Source records
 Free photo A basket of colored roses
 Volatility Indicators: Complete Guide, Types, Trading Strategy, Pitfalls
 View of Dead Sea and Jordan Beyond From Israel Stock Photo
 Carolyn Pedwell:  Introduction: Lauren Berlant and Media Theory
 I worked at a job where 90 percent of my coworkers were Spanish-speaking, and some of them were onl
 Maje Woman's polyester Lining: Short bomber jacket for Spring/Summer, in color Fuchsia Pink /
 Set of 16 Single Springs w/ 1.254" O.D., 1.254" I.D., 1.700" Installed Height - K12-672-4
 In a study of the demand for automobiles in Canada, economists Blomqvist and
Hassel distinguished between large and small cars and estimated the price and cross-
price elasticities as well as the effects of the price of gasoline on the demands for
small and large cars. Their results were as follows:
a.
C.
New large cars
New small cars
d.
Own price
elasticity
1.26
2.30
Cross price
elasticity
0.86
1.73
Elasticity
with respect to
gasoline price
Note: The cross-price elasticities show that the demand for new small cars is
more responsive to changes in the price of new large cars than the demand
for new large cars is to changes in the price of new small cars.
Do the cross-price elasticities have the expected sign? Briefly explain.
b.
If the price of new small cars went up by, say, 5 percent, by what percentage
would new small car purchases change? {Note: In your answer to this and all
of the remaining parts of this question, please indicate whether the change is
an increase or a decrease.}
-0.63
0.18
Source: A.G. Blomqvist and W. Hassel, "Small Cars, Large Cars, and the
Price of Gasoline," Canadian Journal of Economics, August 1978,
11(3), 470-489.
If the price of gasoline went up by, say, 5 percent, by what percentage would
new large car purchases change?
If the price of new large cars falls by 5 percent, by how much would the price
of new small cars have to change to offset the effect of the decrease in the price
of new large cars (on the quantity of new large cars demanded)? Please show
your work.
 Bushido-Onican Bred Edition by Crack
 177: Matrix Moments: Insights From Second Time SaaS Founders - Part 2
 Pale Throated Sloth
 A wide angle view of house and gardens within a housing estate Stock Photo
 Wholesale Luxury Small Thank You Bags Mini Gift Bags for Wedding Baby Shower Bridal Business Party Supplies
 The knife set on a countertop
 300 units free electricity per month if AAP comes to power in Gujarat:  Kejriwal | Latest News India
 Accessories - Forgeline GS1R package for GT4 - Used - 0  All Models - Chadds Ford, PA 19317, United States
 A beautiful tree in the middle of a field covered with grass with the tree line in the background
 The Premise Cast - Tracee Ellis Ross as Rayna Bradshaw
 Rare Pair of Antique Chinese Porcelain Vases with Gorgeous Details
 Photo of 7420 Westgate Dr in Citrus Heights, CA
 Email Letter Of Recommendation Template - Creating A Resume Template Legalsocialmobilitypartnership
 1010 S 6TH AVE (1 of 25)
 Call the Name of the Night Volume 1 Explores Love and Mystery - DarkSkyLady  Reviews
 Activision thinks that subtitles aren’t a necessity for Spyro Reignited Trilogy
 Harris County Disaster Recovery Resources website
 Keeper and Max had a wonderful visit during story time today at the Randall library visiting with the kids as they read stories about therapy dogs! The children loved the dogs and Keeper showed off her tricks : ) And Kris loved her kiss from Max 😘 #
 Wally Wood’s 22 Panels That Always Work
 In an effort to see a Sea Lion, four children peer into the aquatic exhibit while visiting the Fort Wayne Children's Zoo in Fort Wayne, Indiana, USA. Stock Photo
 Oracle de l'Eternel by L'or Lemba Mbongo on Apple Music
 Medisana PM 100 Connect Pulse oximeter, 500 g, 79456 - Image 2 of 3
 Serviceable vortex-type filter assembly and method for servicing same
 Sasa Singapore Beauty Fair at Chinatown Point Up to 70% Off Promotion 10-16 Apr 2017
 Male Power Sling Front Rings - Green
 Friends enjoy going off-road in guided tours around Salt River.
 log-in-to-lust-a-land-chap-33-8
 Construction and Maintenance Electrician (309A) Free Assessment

■ The problem:
Copy, exactly and only, the lines above that begin with the one containing "A wide angle" and finish with the one containing "The Premise Cast".

■ Solution:
 A wide angle view of house and gardens within a housing estate Stock Photo
 Wholesale Luxury Small Thank You Bags Mini Gift Bags for Wedding Baby Shower Bridal Business Party Supplies
 The knife set on a countertop
 300 units free electricity per month if AAP comes to power in Gujarat:  Kejriwal | Latest News India
 Accessories - Forgeline GS1R package for GT4 - Used - 0  All Models - Chadds Ford, PA 19317, United States
 A beautiful tree in the middle of a field covered with grass with the tree line in the background
 The Premise Cast - Tracee Ellis Ross as Rayna Bradshaw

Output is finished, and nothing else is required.